[Stored entries]
# # # # # # #

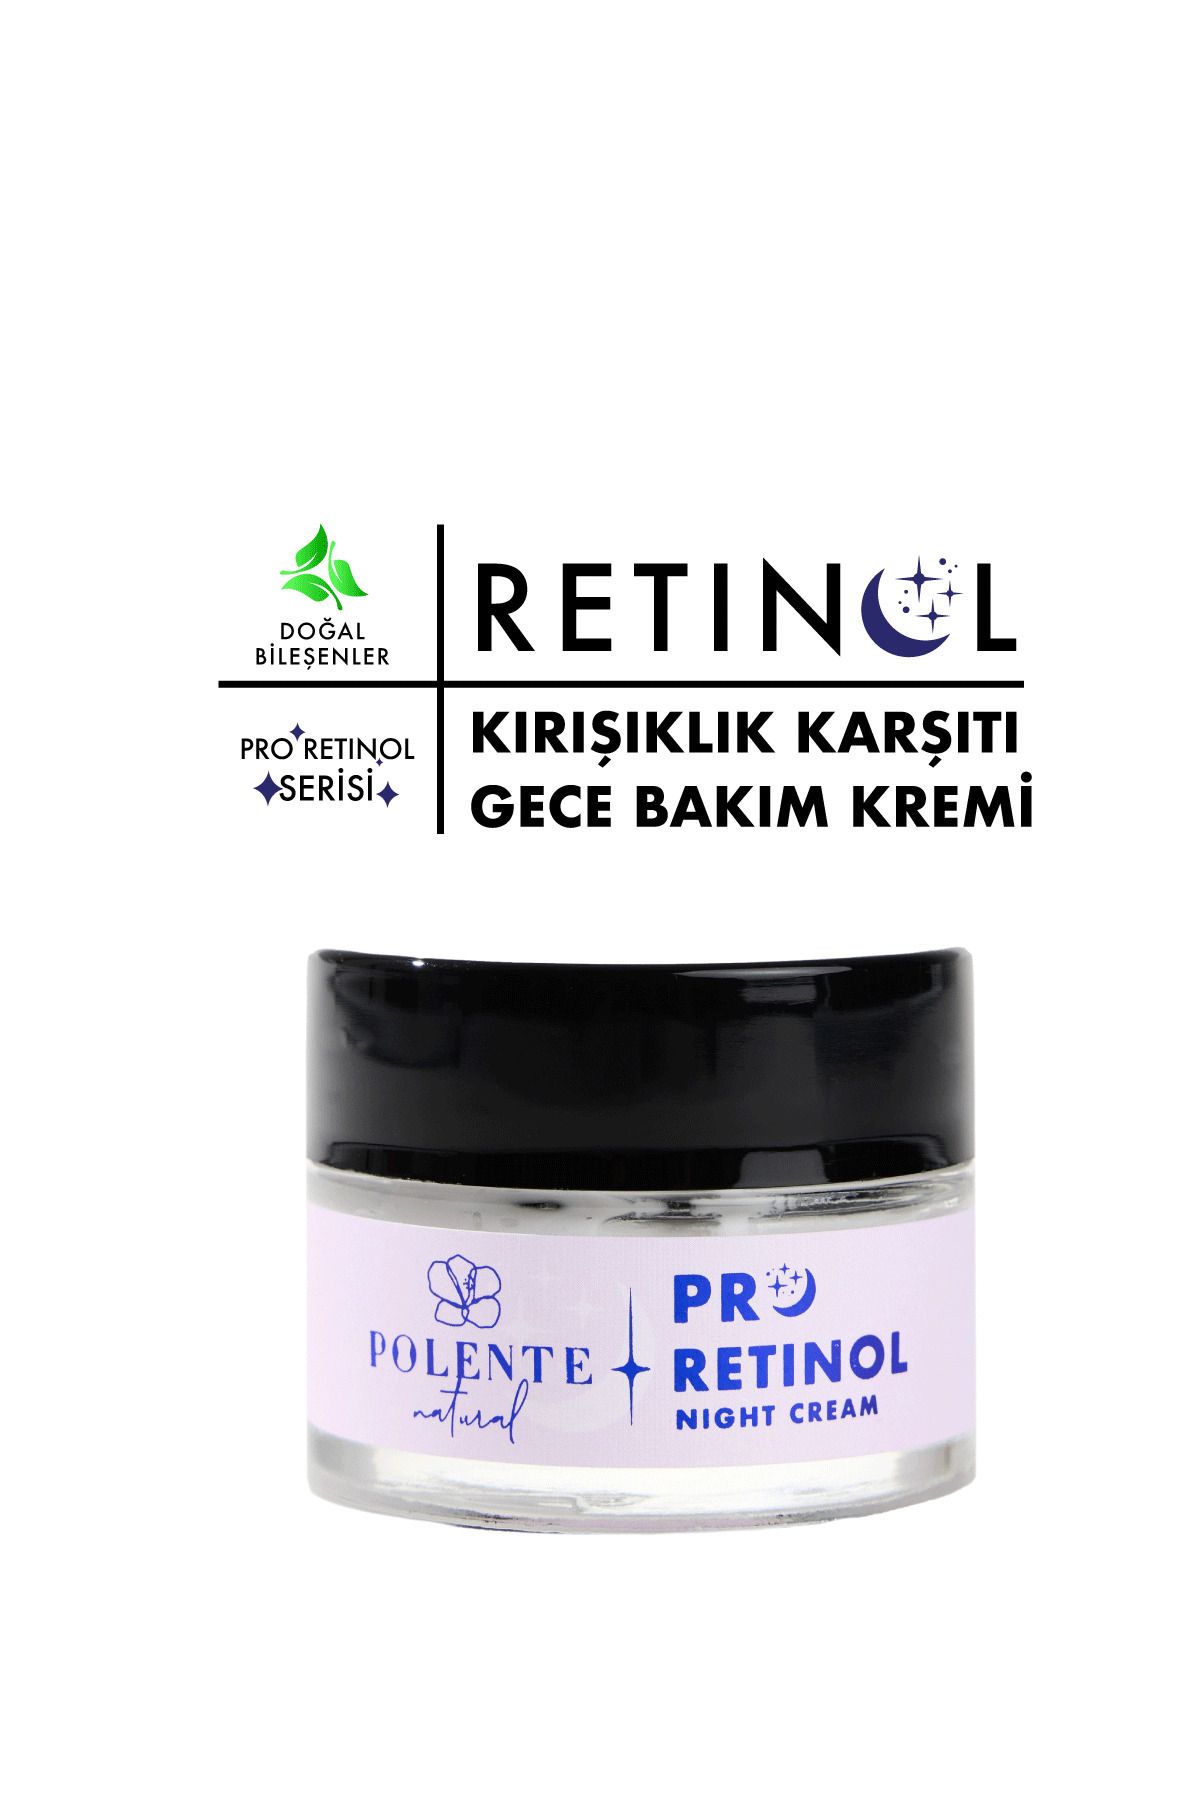 Polente Natural PRO RETİNOL NIGHT CREAM- Retinol İçeren Gece Bakım Kremi
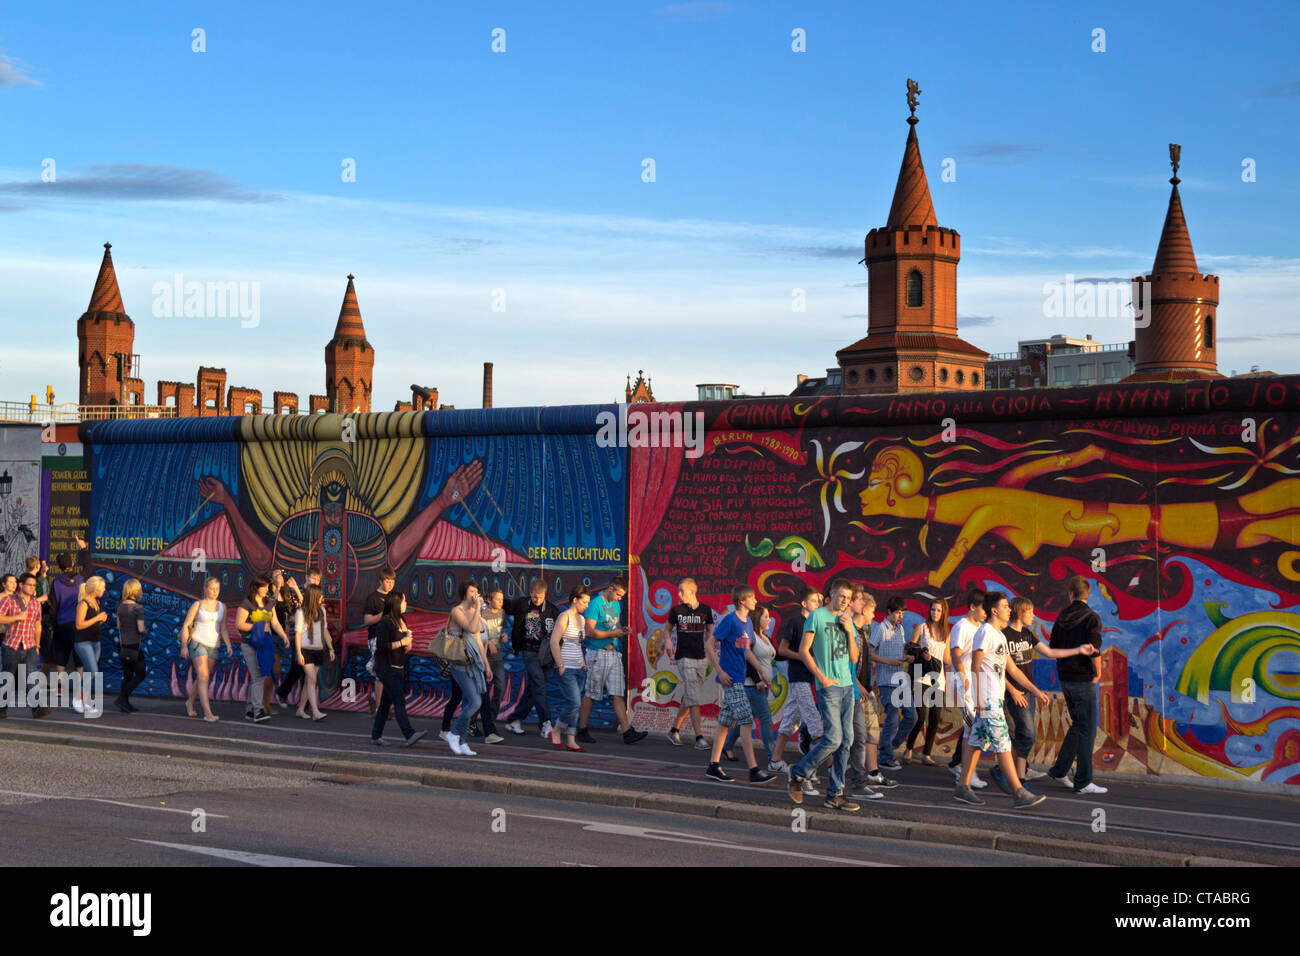 People in front of Berlin Wall mural, East Side Gallery, Berlin, Germany, Europe Stock Photo
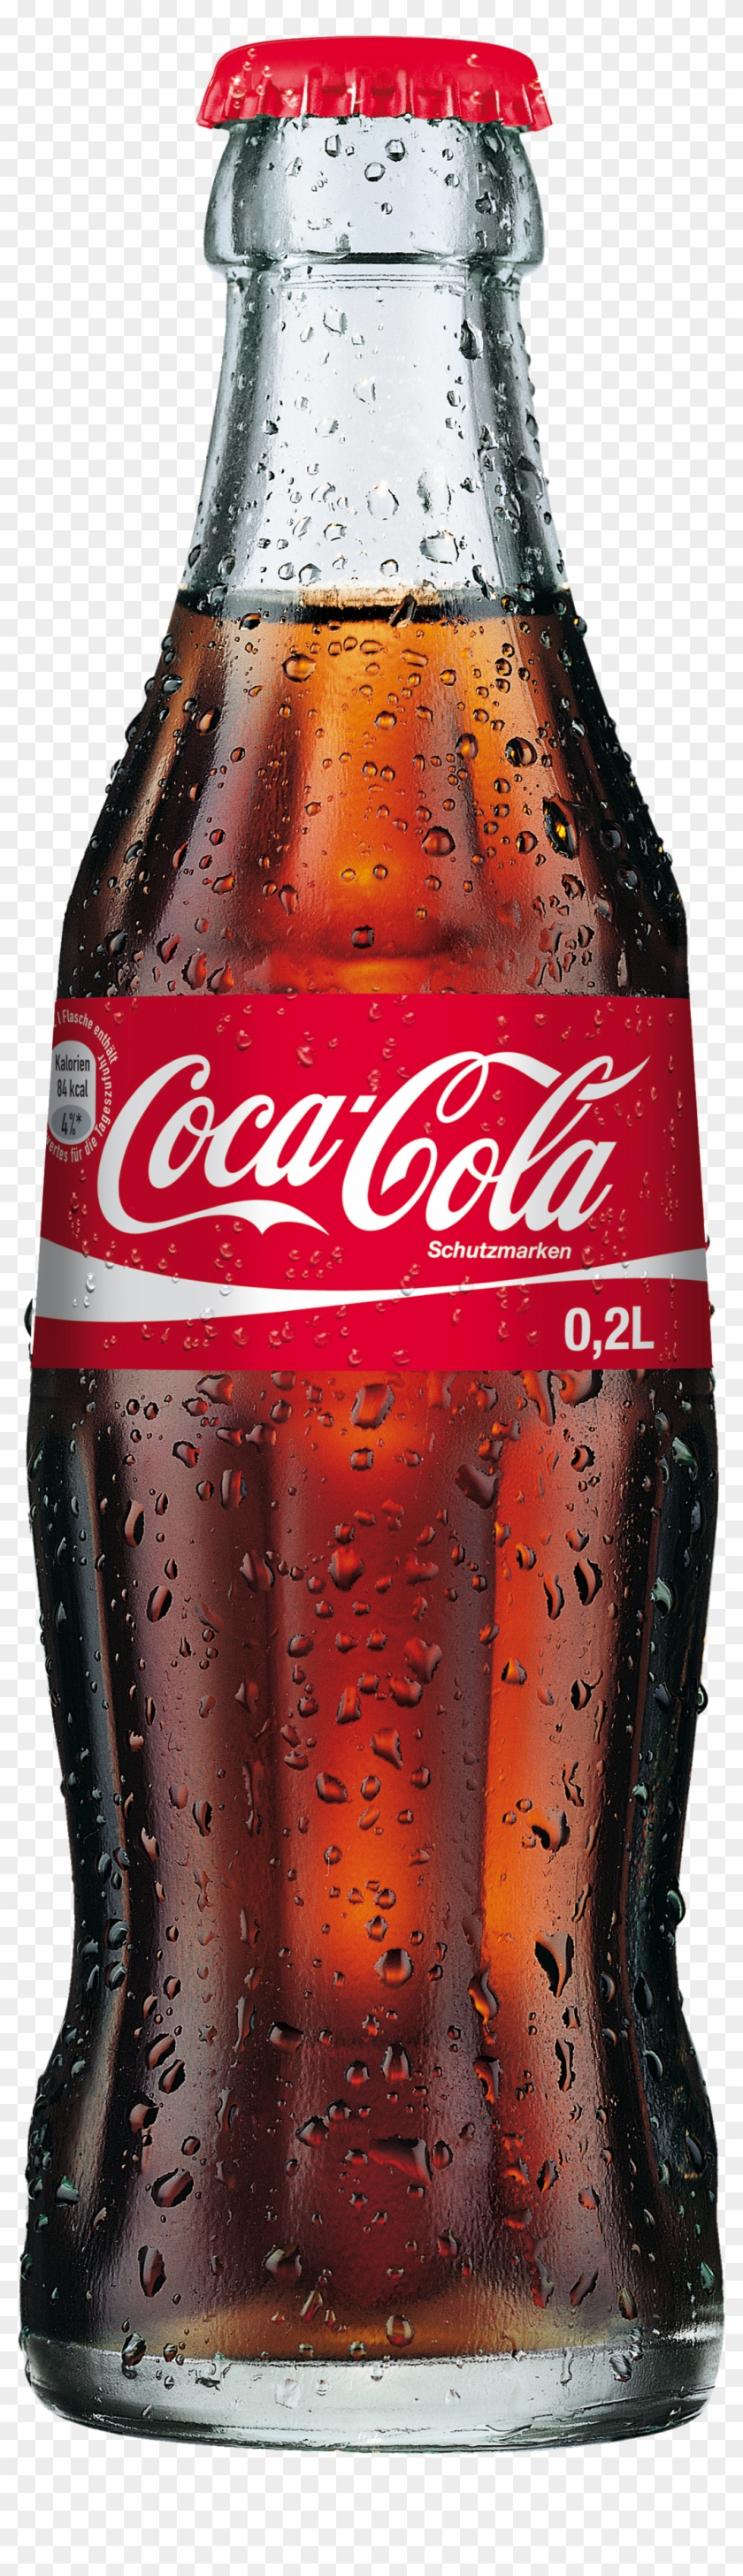 Coca Cola Bottle - Coca Cola Bottle Cartoon Clipart #2072554
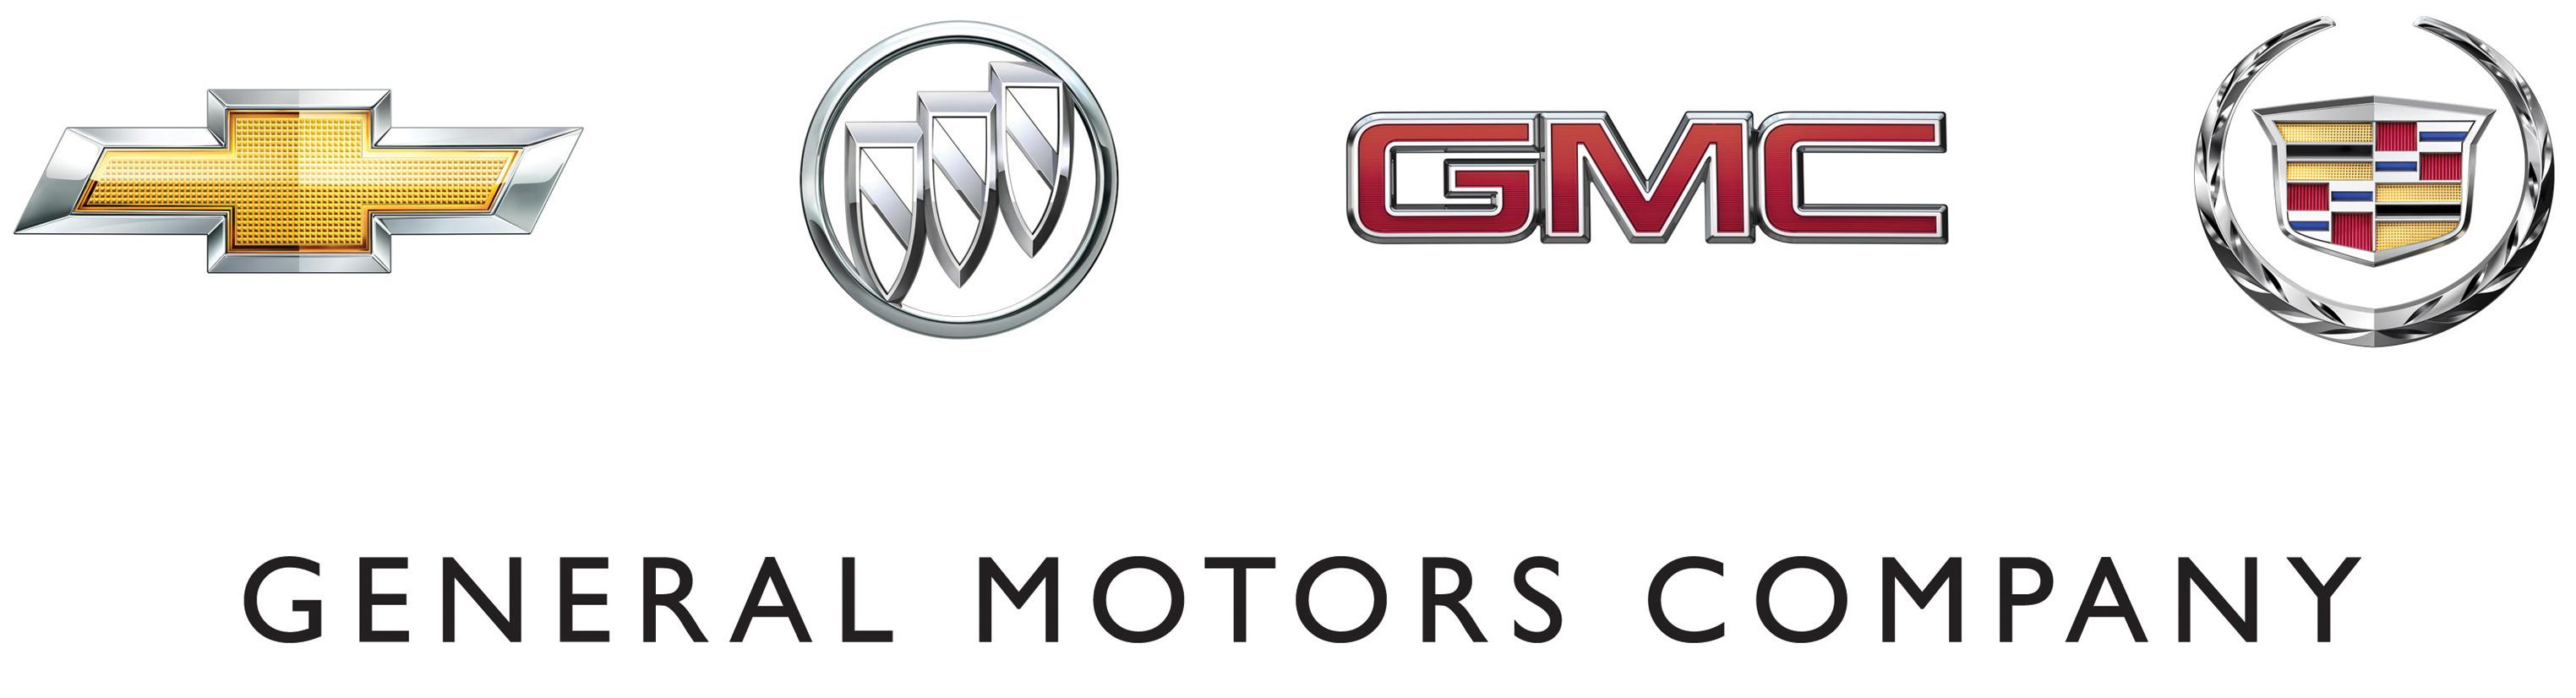 GM Car Logo - Gm Car Brands.co
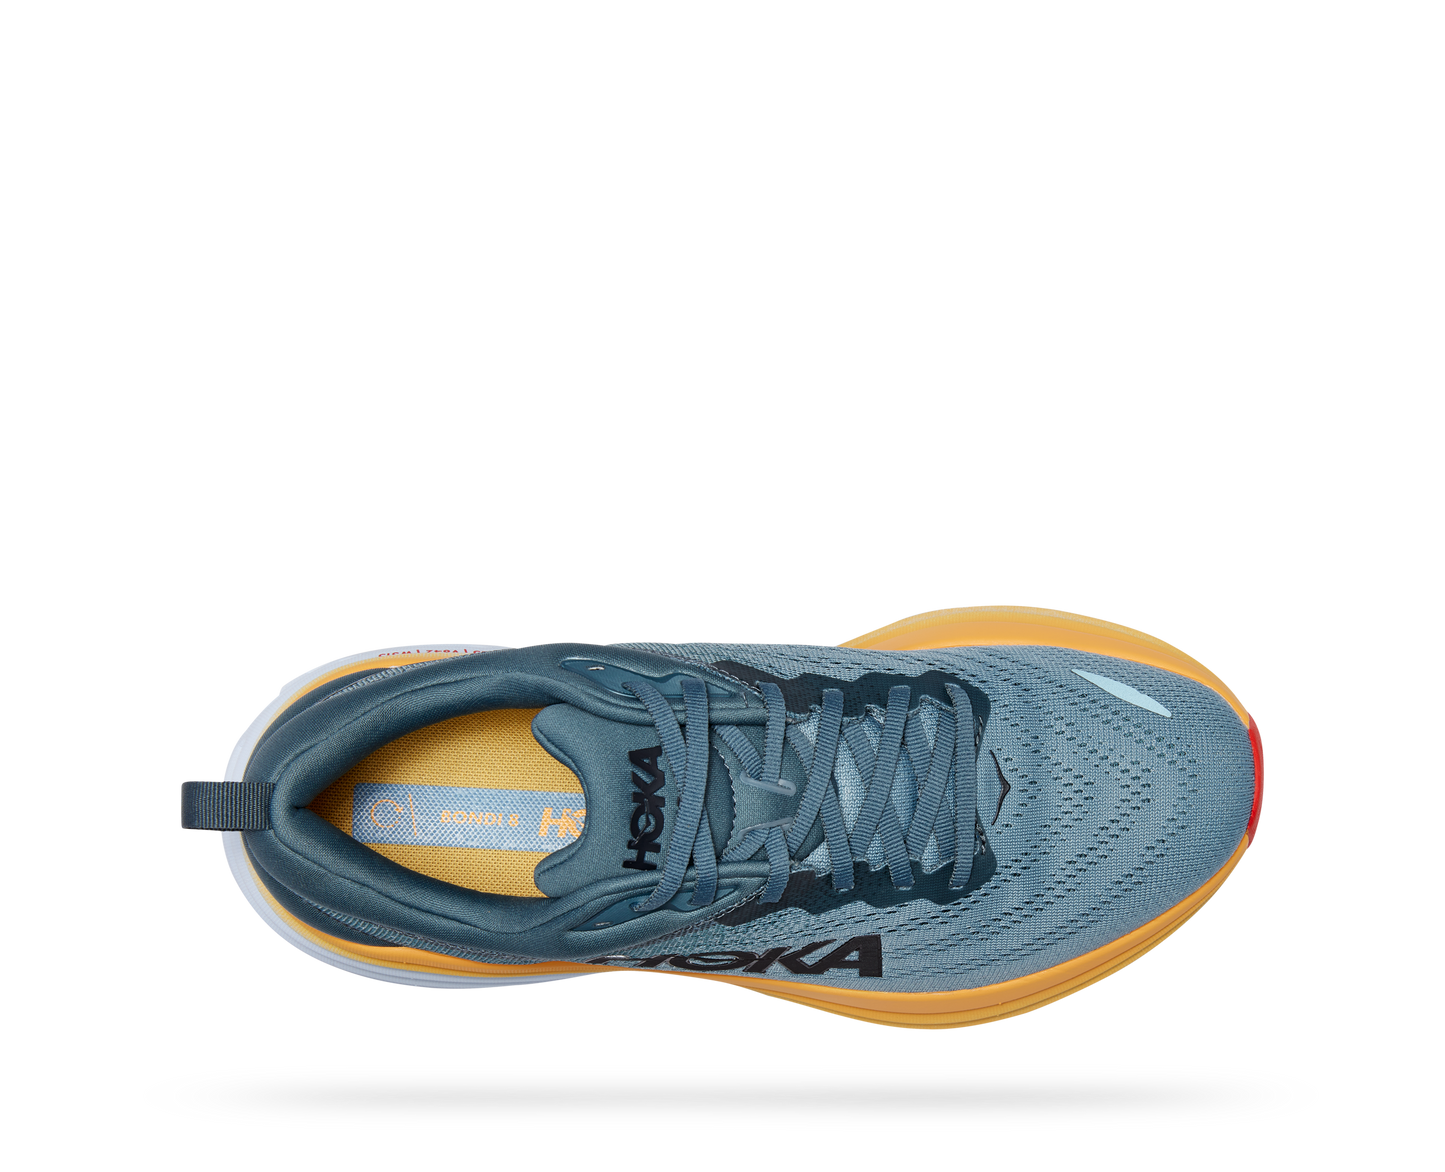 Hoka running shoe grey with yellow and white soles.

# # # # # # #

In the answer, repeat exactly the lines from the top of the entries above through the line with "GM Car Logo - Gm Car Brands.co", and leave pictures out of it.

RESPONSE TO THE EXERCISE:
 Polente Natural PRO RETİNOL NIGHT CREAM- Retinol İçeren Gece Bakım Kremi
 People in front of Berlin Wall mural, East Side Gallery, Berlin, Germany, Europe Stock Photo
 Coca Cola Bottle - Coca Cola Bottle Cartoon Clipart #2072554
 GM Car Logo - Gm Car Brands.co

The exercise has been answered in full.